SUPPLIED DATA.
----------

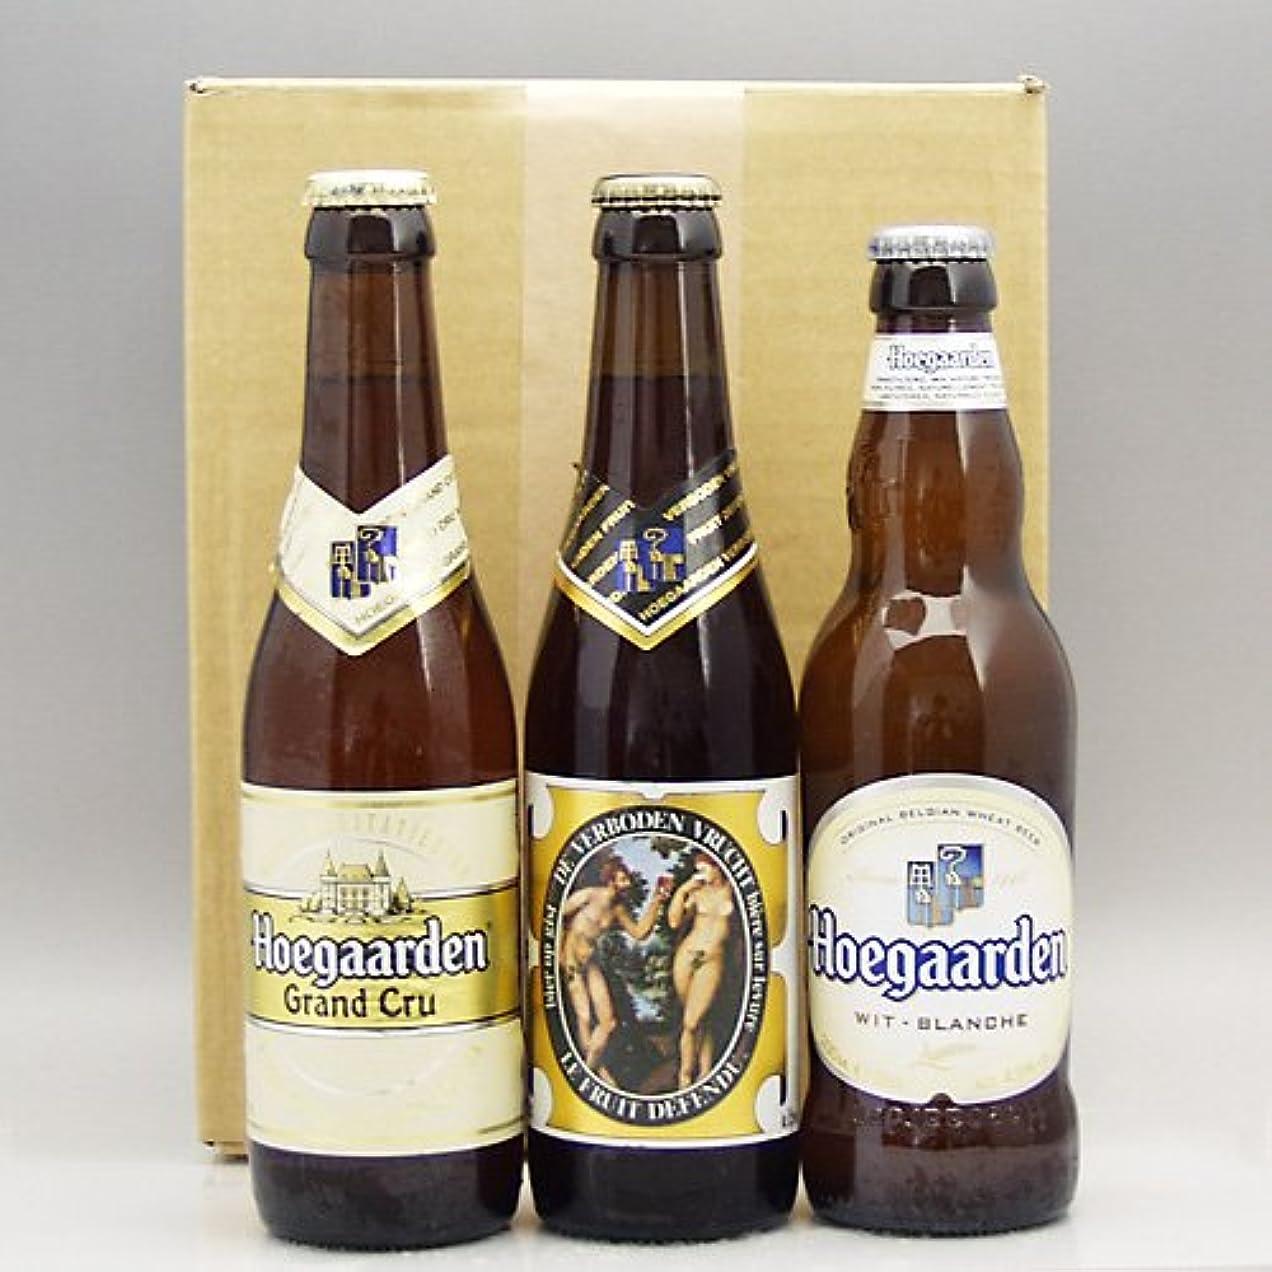 悪夢ステレオサスティーン【即日発送】ベルギービール3種3本y(ヒューガルデン ホワイト?禁断の果実?ヒューガルデン グランクリュ)飲み比べセット (通常ギフト)
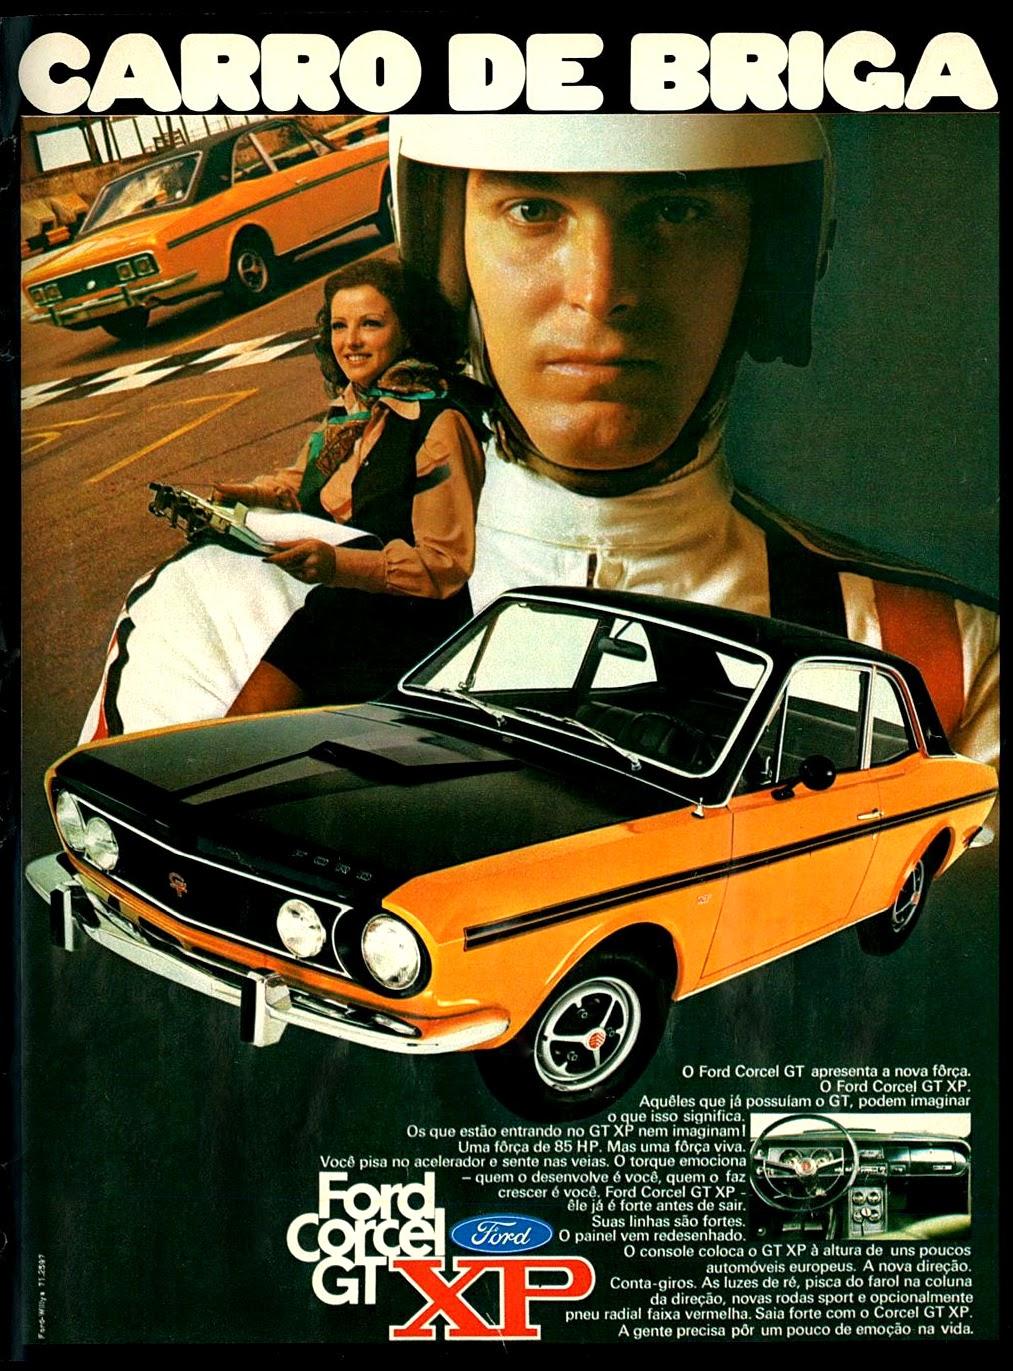 Ford. 1971; brazilian advertising cars in the 70s; os anos 70; história da década de 70; Brazil in the 70s; propaganda carros anos 70; Oswaldo Hernandez;
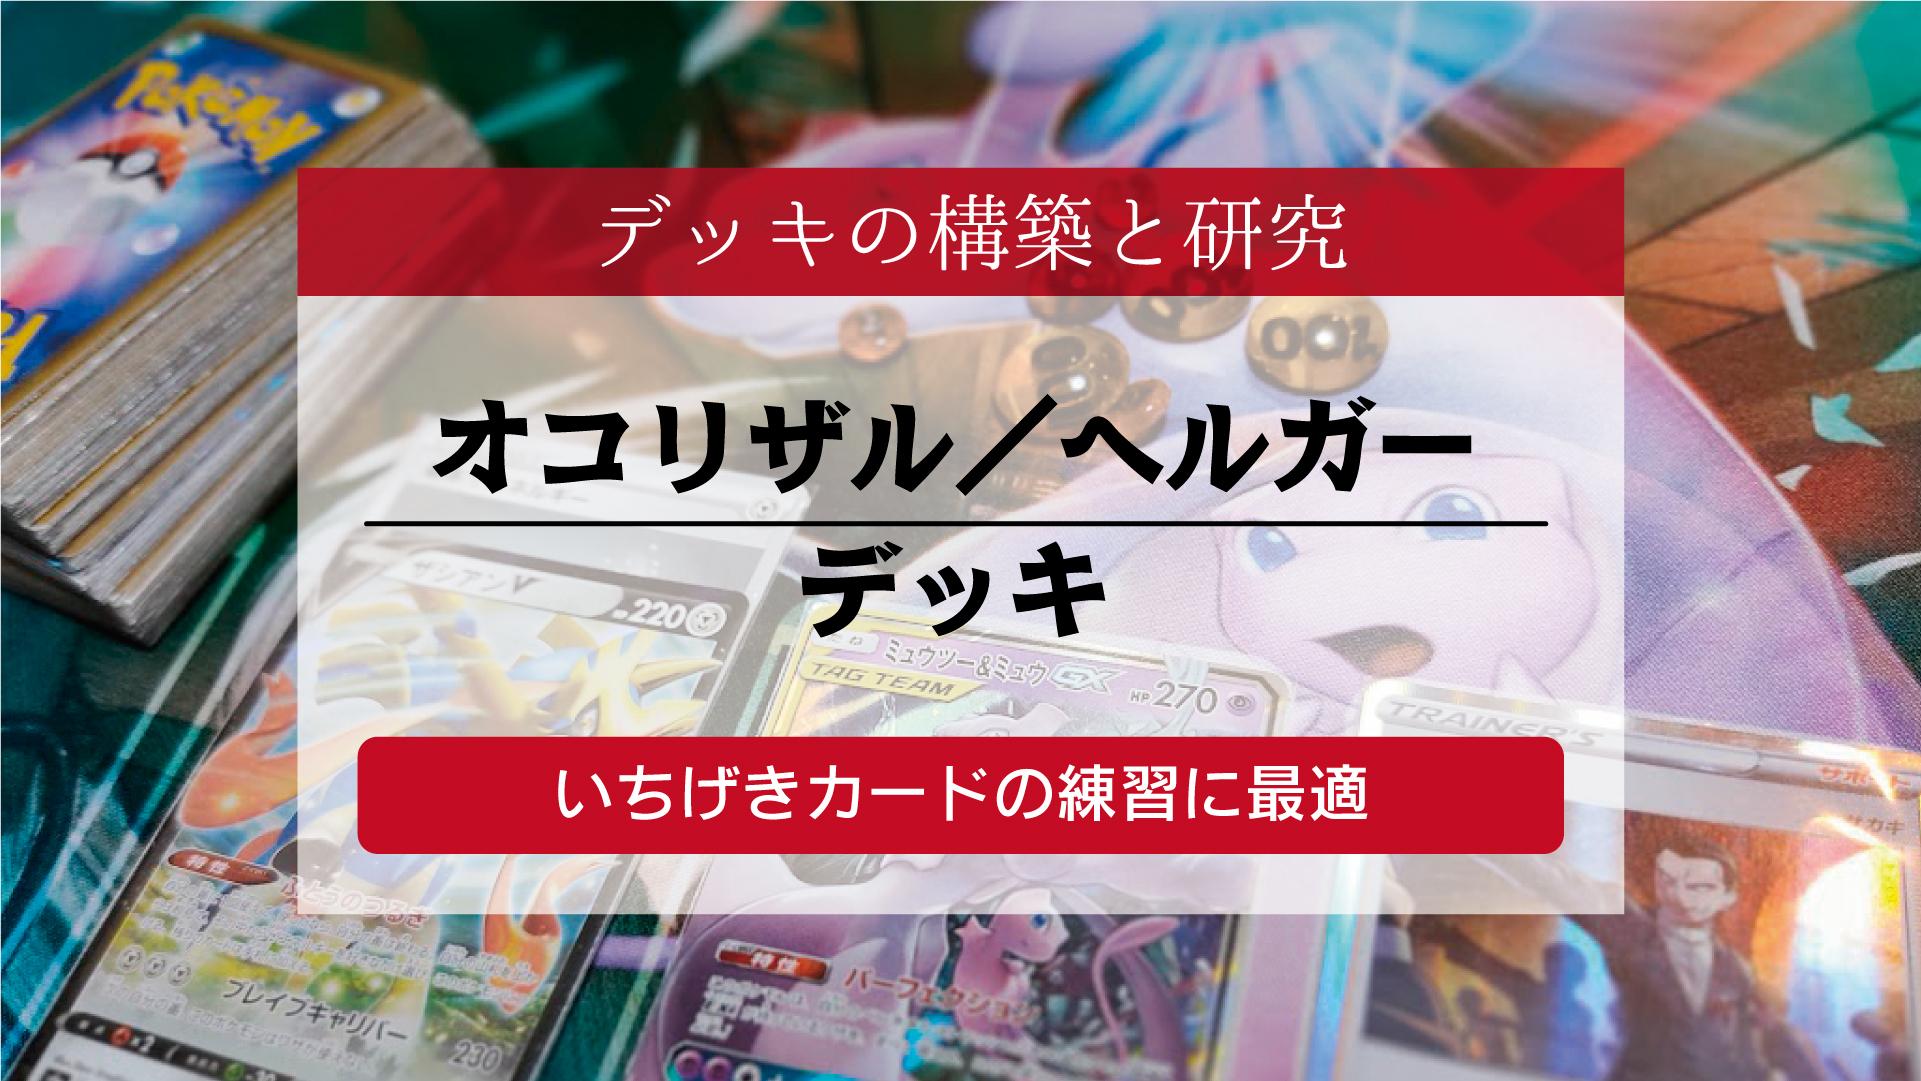 いちげきオコリザルデッキの研究/いちげきカードの練習には最適【サブアタッカーは誰?】

----------

YOUR TASK. Each line above must be set down exactly, though no picture should be carried over.

ANSWER SPACE.
 悪夢ステレオサスティーン【即日発送】ベルギービール3種3本y(ヒューガルデン ホワイト?禁断の果実?ヒューガルデン グランクリュ)飲み比べセット (通常ギフト)
 Ford. 1971; brazilian advertising cars in the 70s; os anos 70; história da década de 70; Brazil in the 70s; propaganda carros anos 70; Oswaldo Hernandez;
 いちげきオコリザルデッキの研究/いちげきカードの練習には最適【サブアタッカーは誰?】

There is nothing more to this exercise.